When you’re serving in the teams, you never stop looking for a fight. In Iraq, the fight never stopped looking for us. I guess you could say it was a match made in heaven. The bottom line: you can fight us head-on, or hide and take potshots. Either way works for us. The world would be a safer place if those who meant harm to America simply learned this lesson and conducted themselves accordingly.
On that day, Cowboy and his teammates Jerry and Lars were in place to teach the latest chapter in this lesson book. They knew right away what they had to do.
Cowboy keyed his mike. “This is Sniper One. Requesting permission to engage.”
“Wait, One.” There was a pause while the operations staff at headquarters conferred. Then the radio crackled again. “Engage.”
It was a sniper’s paradise.
In BUD/S all of us had to qualify as experts in rifle and pistol. Later, you learn to make up to a
five-hundred-yard shot. With a long-barrel and the right optics you should be able to make a seven-hundred-yard shot, but that’s pushing it with an ordinary rifle. In sniper school you find out how easy that is when you have the right gear and training. Snipers take the distances out much farther than that. Chris Kyle from Team 3 has scored from sixteen hundred yards with a .300 Win Mag, and from twenty-one hundred with a larger .338 round. Others have done the same, maybe even better. But sniping involves much more than pure marksmanship. Patience, stealth, and a talent for observation are important, too. Everyday psychology is a big part of it. How does a bad guy act? You study body language and behavior for clues to someone’s intent. It’s a subtle craft. At the end of the day, our snipers are often in the best position to carry out one of Skipper’s favorite expressions of our mission in Ramadi: “Rehab who you can; kill those who have forfeited their time on the planet.”
That day there were plenty of forfeits. Cowboy, Jerry, and Lars were maintaining concealment within easy range of those seventy or eighty shitheads whose attention was fully occupied by Iraqi police cars arriving along the road to their east. They were completely oblivious to the three snipers on their flank.
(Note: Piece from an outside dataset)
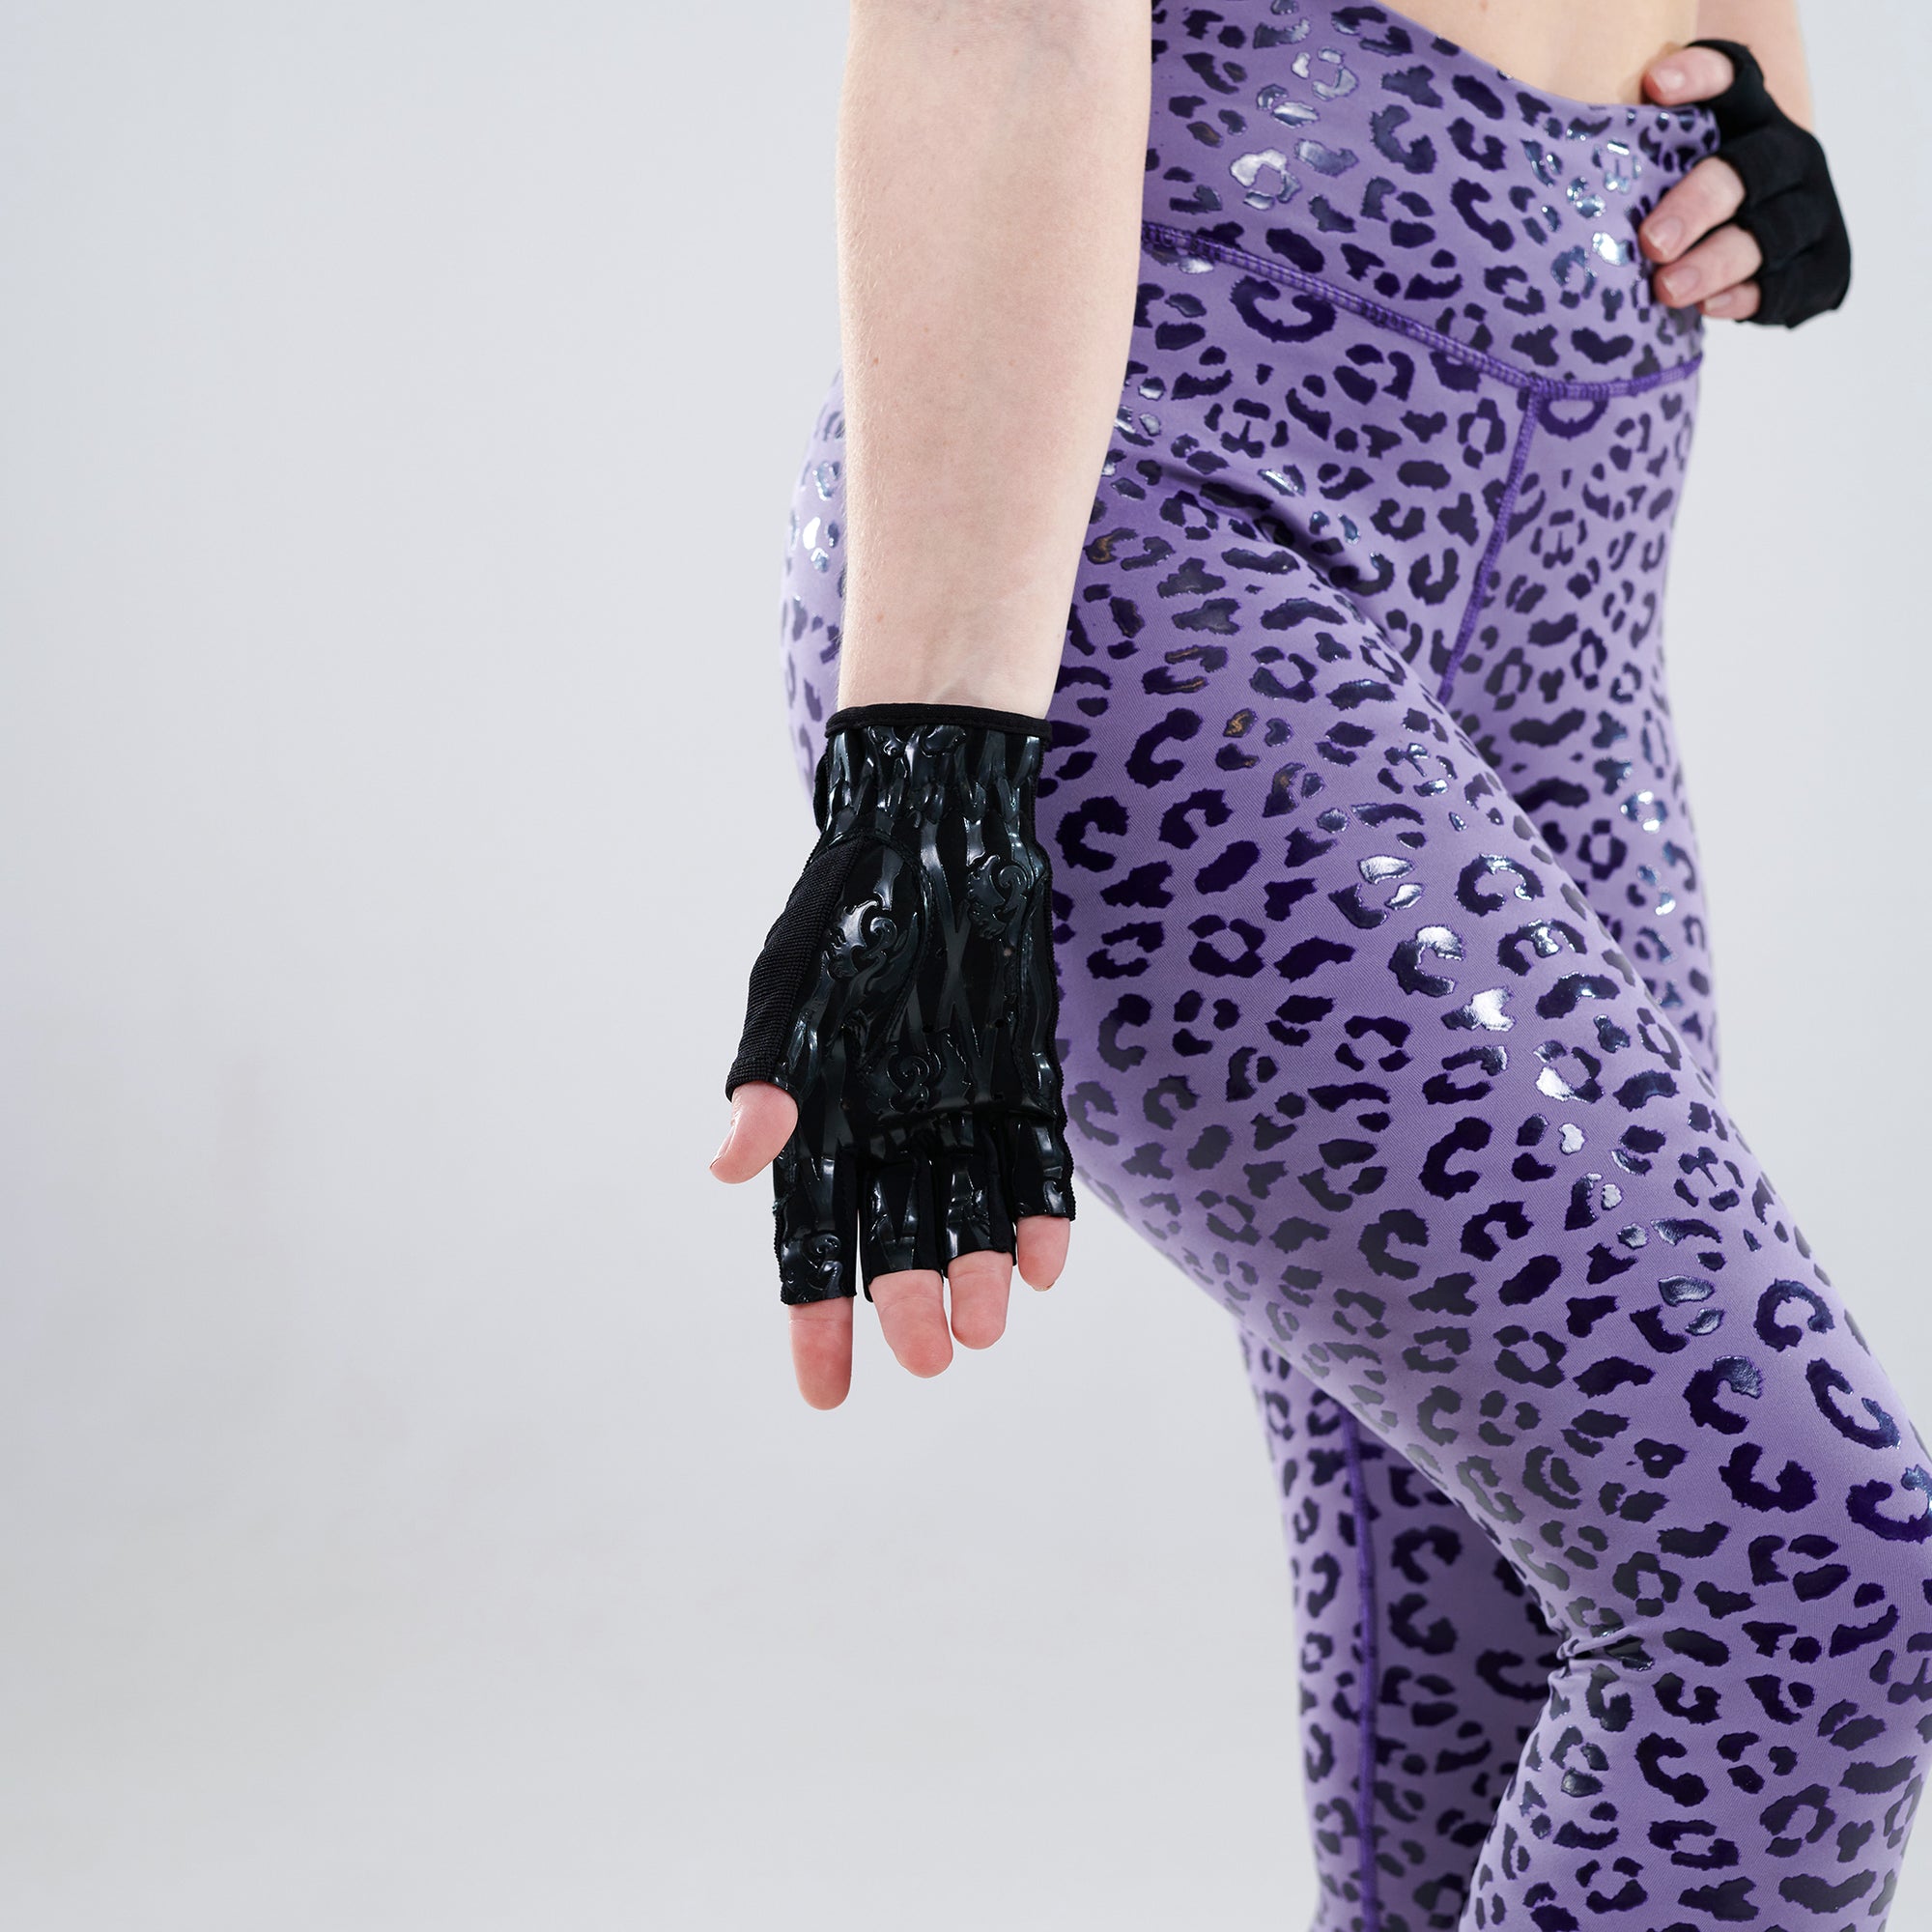 Purple and Black Aztec Print Leggings – TheBrownEyedGirl Boutique

Jerry had an M249 squad automatic weapon, our light machine gun of choice. Lars had an M79 grenade launcher. Cowboy had his sniper rifle, a Stoner SR-25. Time to reach out and touch someone.
It was a perfect L ambush. Our guys were on the short leg of the L, enfilading the insurgents from the side. From four stories up, situated on a narrow sundeck, they had a great firing angle. At a range of just about a hundred yards, Cowboy dialed down his scope, and when he and his teammates popped over the wall and went to work, the 9:15 to Seventy-Two Virgin Station hit the express track.
It was a turkey shoot. Cowboy fired his suppressed Stoner as fast as he could, burning through magazine after magazine. Jerry poured out the lead in short, disciplined bursts from his SAW. As some of their cohorts began to fall, the insurgents milled about nervously, then panicked and began running, firing into the air randomly. As some piled into their vehicles, Lars targeted their cars with grenades. Stuck in an open area, they didn’t stand a chance. As the vehicles veered and fishtailed, looking to escape, they found themselves trapped by high concrete curbs, impossible to drive over. A scene of carnage and bedlam ensued. Driving over bodies of their fallen comrades, they found themselves enfiladed by Lars’s grenade fire. Every car got a dose of lead. Much to their chagrin, a single vehicle—a blue BMW sedan—escaped.